The book is peppered with these kinds of questions that Duron and her husband are constantly asking themselves. As she says, “I spend a lot of time reading and researching about sex, gender, sexuality, and kids. I was hungry for anything having to do with gender-nonconforming kids, how best to parent them, and what the future may hold for them.” Sometimes, in those very few occasions when C.J. would gravitate towards something “boy” based, they briefly consider doing anything to encourage it. During a family trip to Colorado, C.J. informs his father that he like “likes boy stuff when [he’s] in Colorado.” Duron and her husband immediately begin thinking the same thing:
We could sell out home in Orange County and buy a nice home on a few acres in Colorado with cash. What would we do for work? How are the schools? How are the winters? Would my new wardrobe be rustic vintage cowgirl or bohemian cowgirl chic?
Okay, maybe not the same thing. But close enough; they both would literally move the entire family to a new state just to keep C.J. in a place where he was comfortable and happy liking “boy” stuff.

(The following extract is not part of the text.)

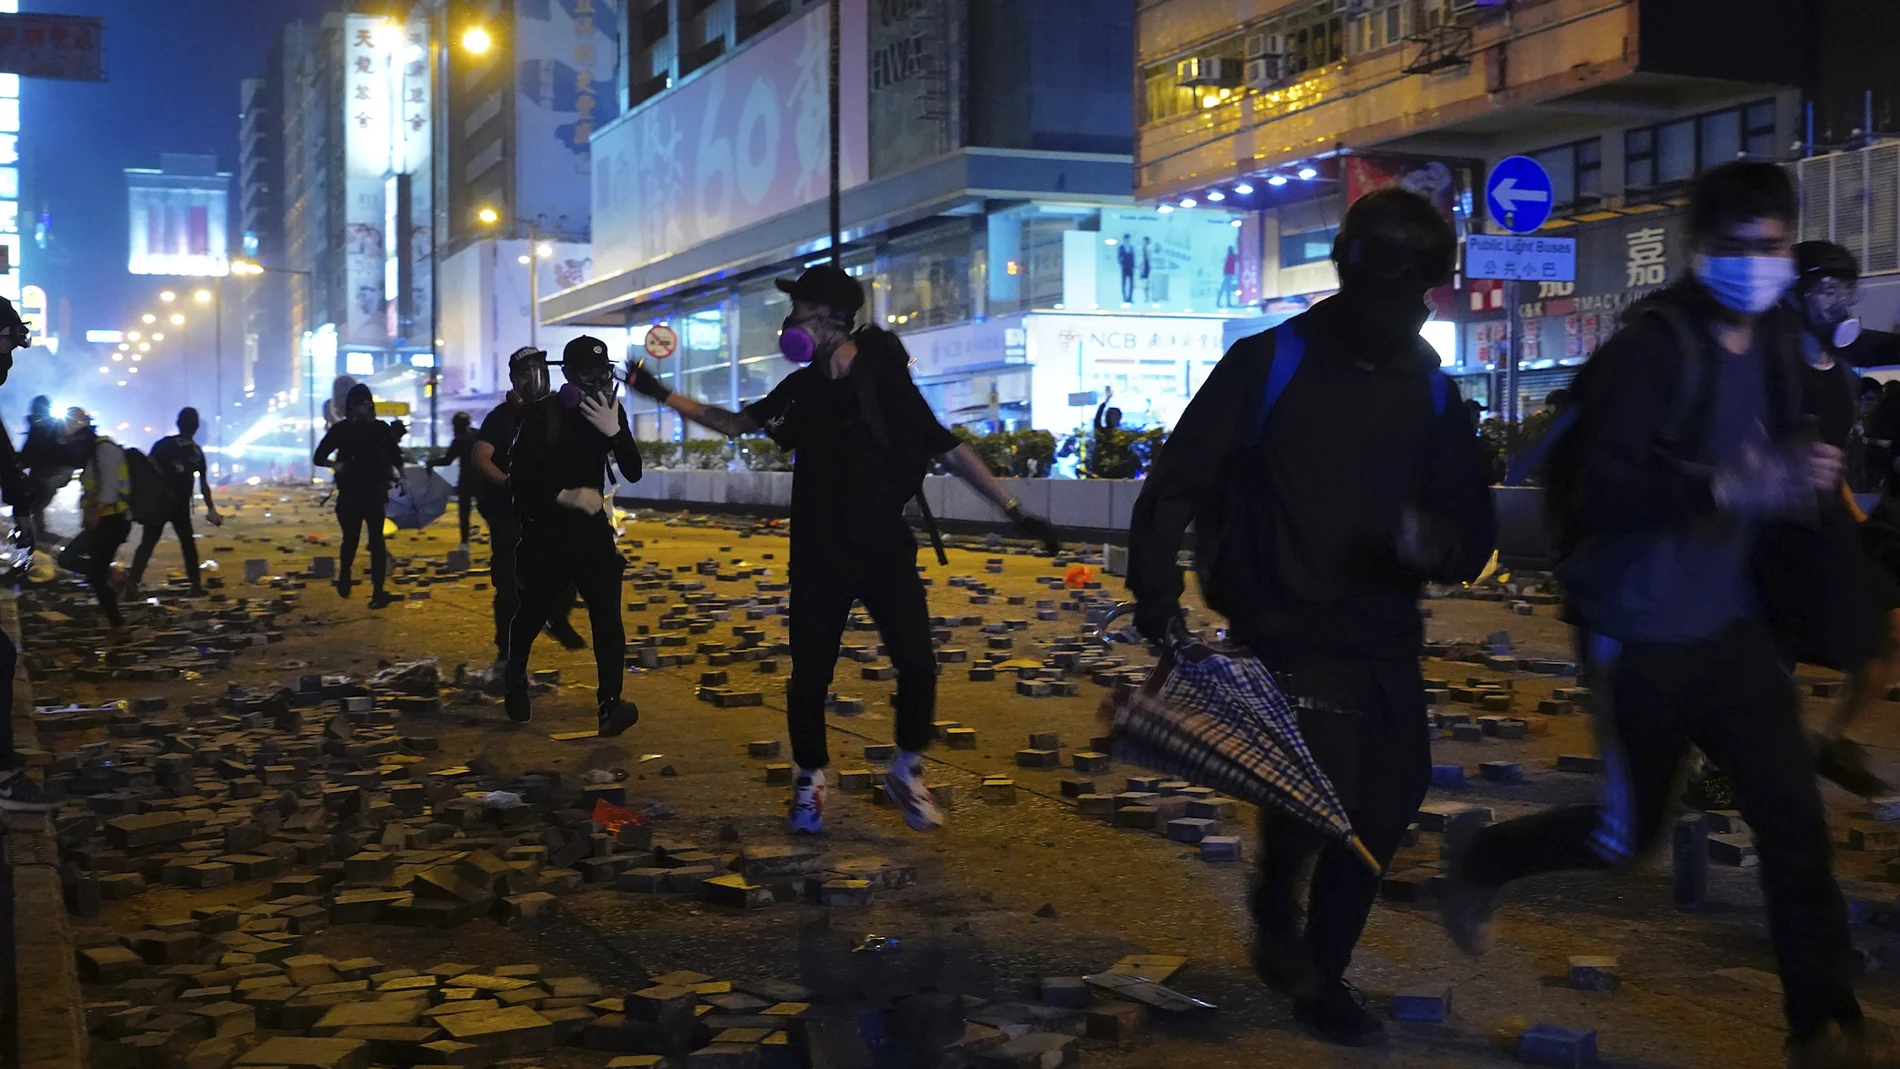 Protesters run along a street in the Kowloon area of Hong Kong, Monday, Nov. 18, 2019. As night fell in Hong Kong, police tightened a siege Monday at a university campus as hundreds of anti-government protesters trapped inside sought to escape. (AP Photo/Vincent Yu)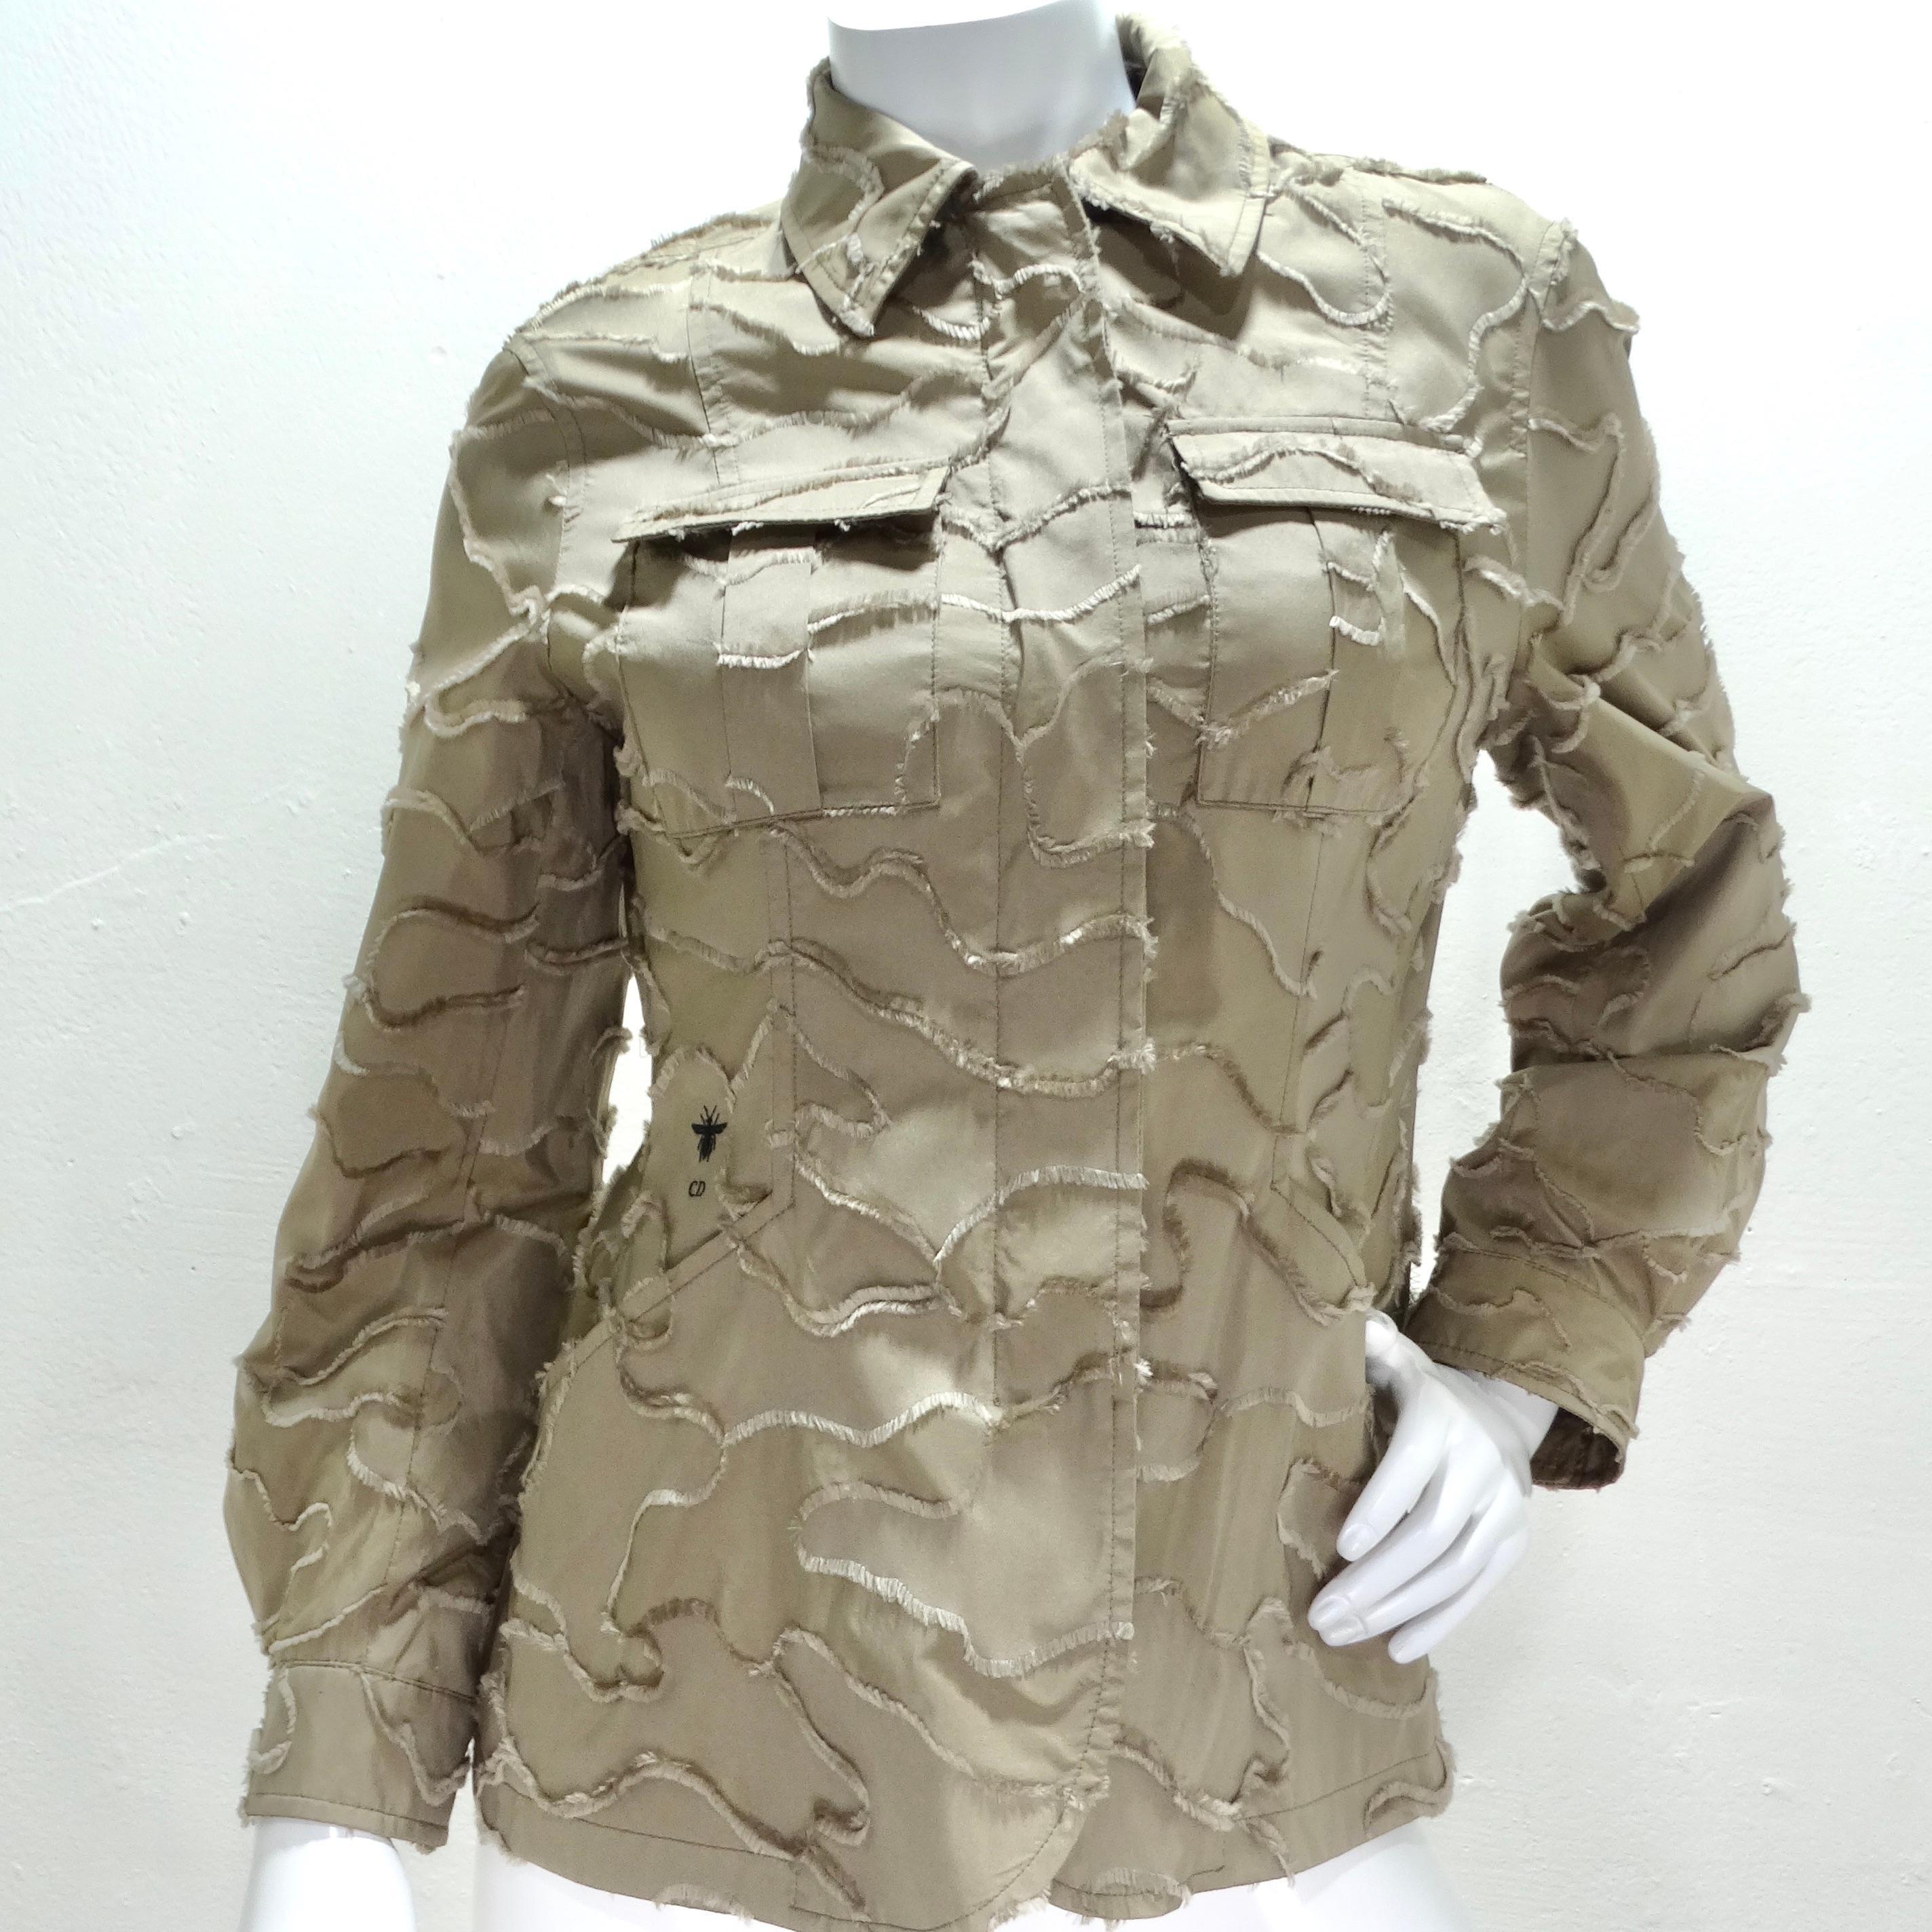 Elevate your style with this exquisite Christian Dior Safari Utility Jacket, Shorts, and Belt Set - a khaki 3-piece ensemble that exudes luxury and versatility. This ensemble features a textured camouflage-like print utility jacket, pleated

They didn’t so much want to change him as encourage him, but also have him be a person that wouldn’t have to go through the difficulty that they knew a gender nonconforming person would have to go through. But they did also question the ethical and moral dilemma of whether or not they should move the family if it meant it would help change C.J.’s gender preferences and expressions. However, they quickly realize that “C.J.’s gender identity, his perception of gender, and his unique gender presentation are a part of him; they go where he goes.”
The whole book is really a record of coming to that realization. How to deal with grandparents who’re not as supportive as you’d like them to be (tell them about the blog you’ve been keeping which chronicles your challenges and blessings of parenting a gender nonconforming child; hilarity will ensue. So will more understanding and acceptance), what you want your husband to know in case something terrible happens and you’re not around to be his mother (write a heart-breaking letter to your husband about what to do in this morbid worst-case scenario that is also the best written example I’ve ever seen of a mother’s love. I cried. A lot.), what to do when your son tells you that when he grows up, he wants to be a girl (Panic. Breathe. Research. Panic again. Breathe summore. Deal and love him no matter what.)
That kind of summarizes the book’s and Duron’s mentality: love your child(ren) no matter what. It may seem like a simple and obvious thing to do, but it’s not always easy. I know it was a struggle for my dad to accept that I was bisexual, after I came out, but he did. He even, years later, told me my gay best friend was “really talented” and a good guy. This is why we need books like Raising My Rainbow and why Duron is so wonderful. The more rainbows that are openly, lovingly, proudly raised, the more acceptance people everywhere will be able to give and feel. And that is something that’s very right in the world.
*This book is officially released on September 3rd, 2013. I was fortunate enough to win a copy as part of a First Reads giveaway on goodreads.com.